=== What you should do ===
Please write out all the data that follows exactly, without the pictures.

=== Source data ===
--- START ---

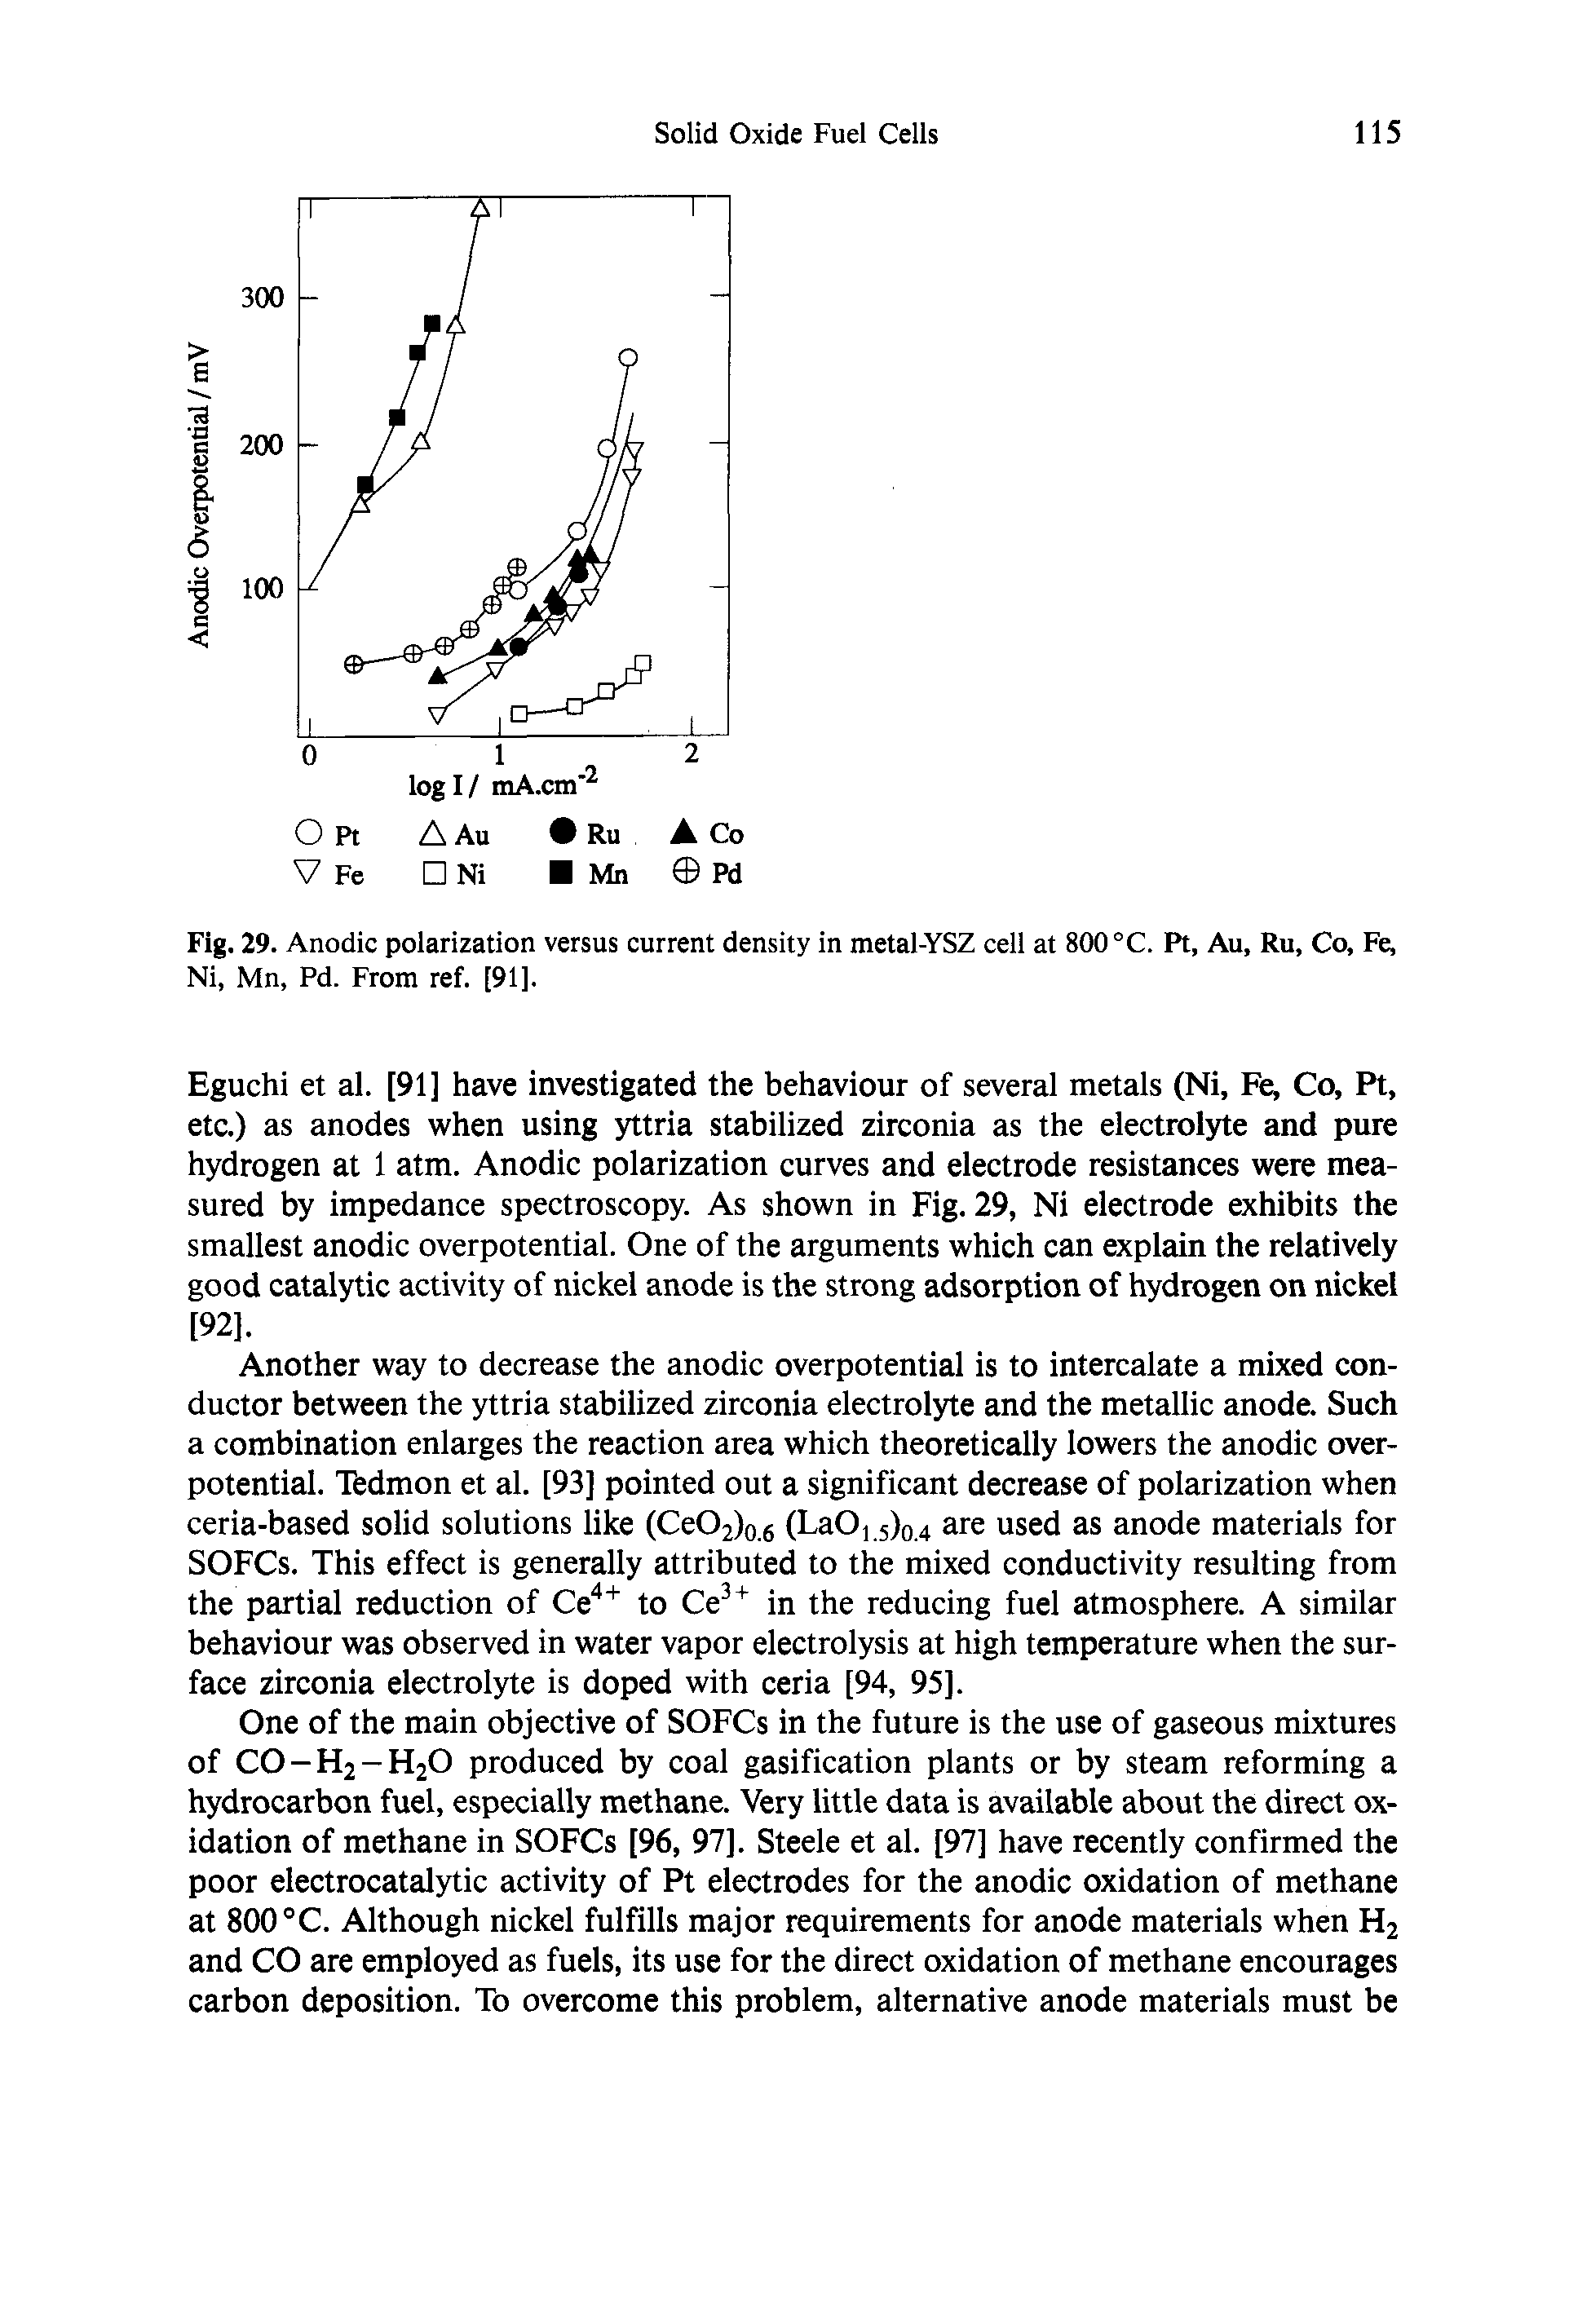 Fig. 29. Anodic polarization versus current density in metal-YSZ cell at 800 °C. Pt, Au, Ru, Co, Fe, Ni, Mn, Pd. From ref. [91].
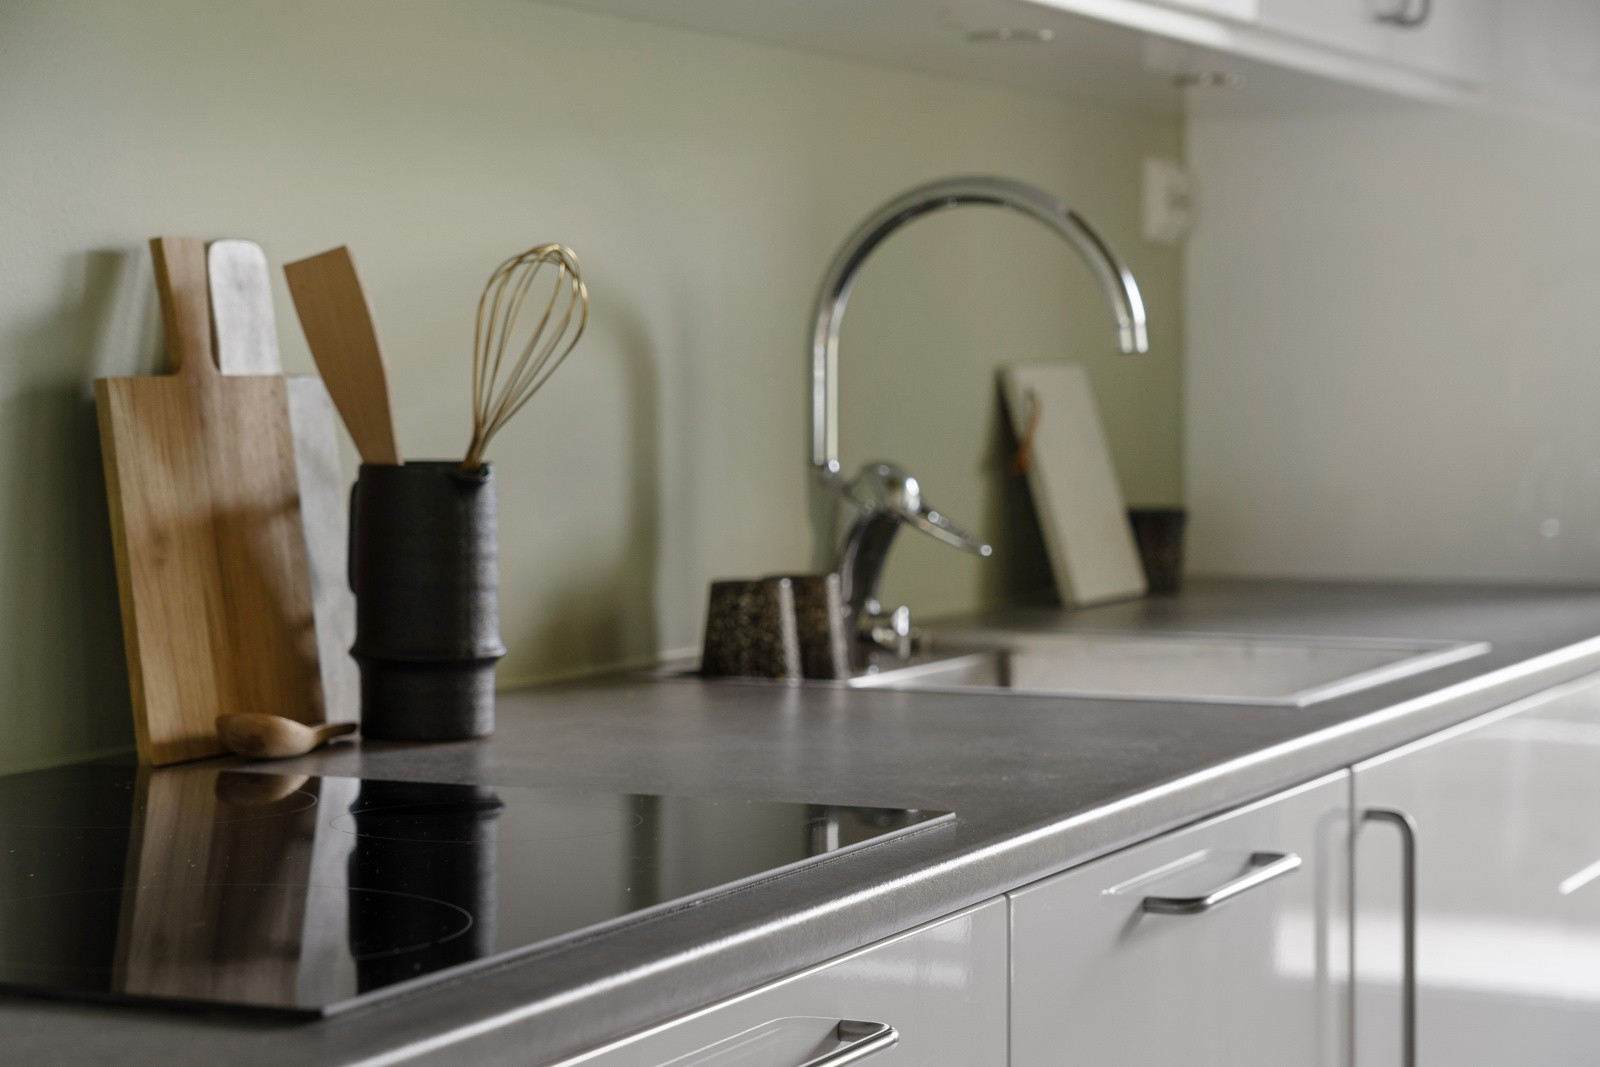 Mye skap- og benkeplass sikrer rikelig med oppbevaringsplass samt arbeidsplass på kjøkkenbenk.
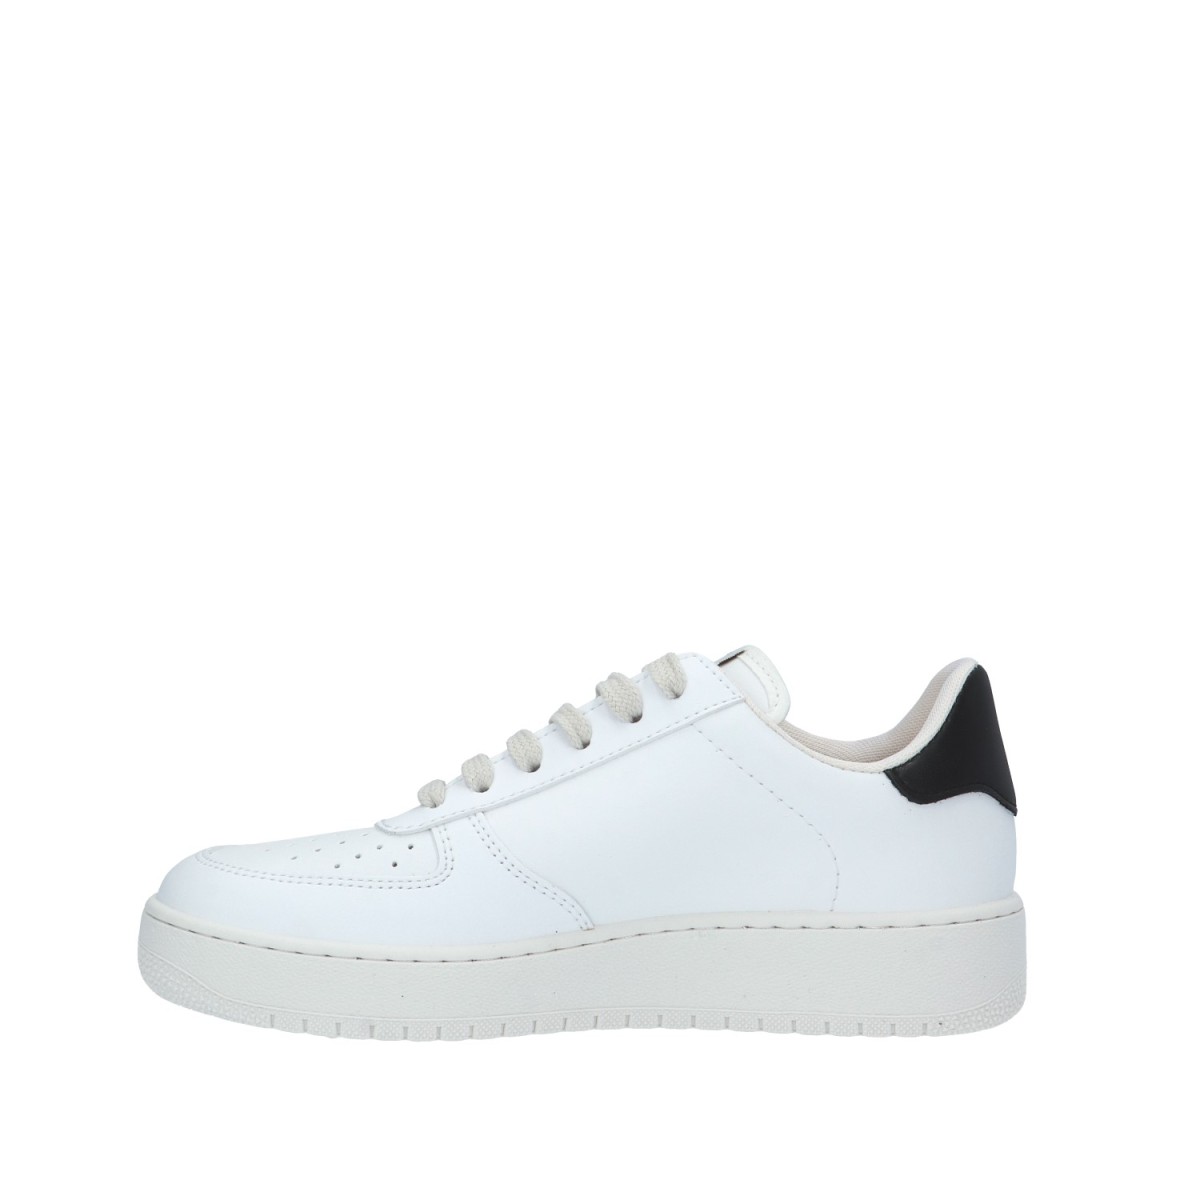 Victoria Sneaker Bianco/nero Gomma 1258201

--- END ---

=== Solution to the exercise ===
 Fig. 29. Anodic polarization versus current density in metal-YSZ cell at 800 °C. Pt, Au, Ru, Co, Fe, Ni, Mn, Pd. From ref. [91].
 Mye skap- og benkeplass sikrer rikelig med oppbevaringsplass samt arbeidsplass på kjøkkenbenk.
 Victoria Sneaker Bianco/nero Gomma 1258201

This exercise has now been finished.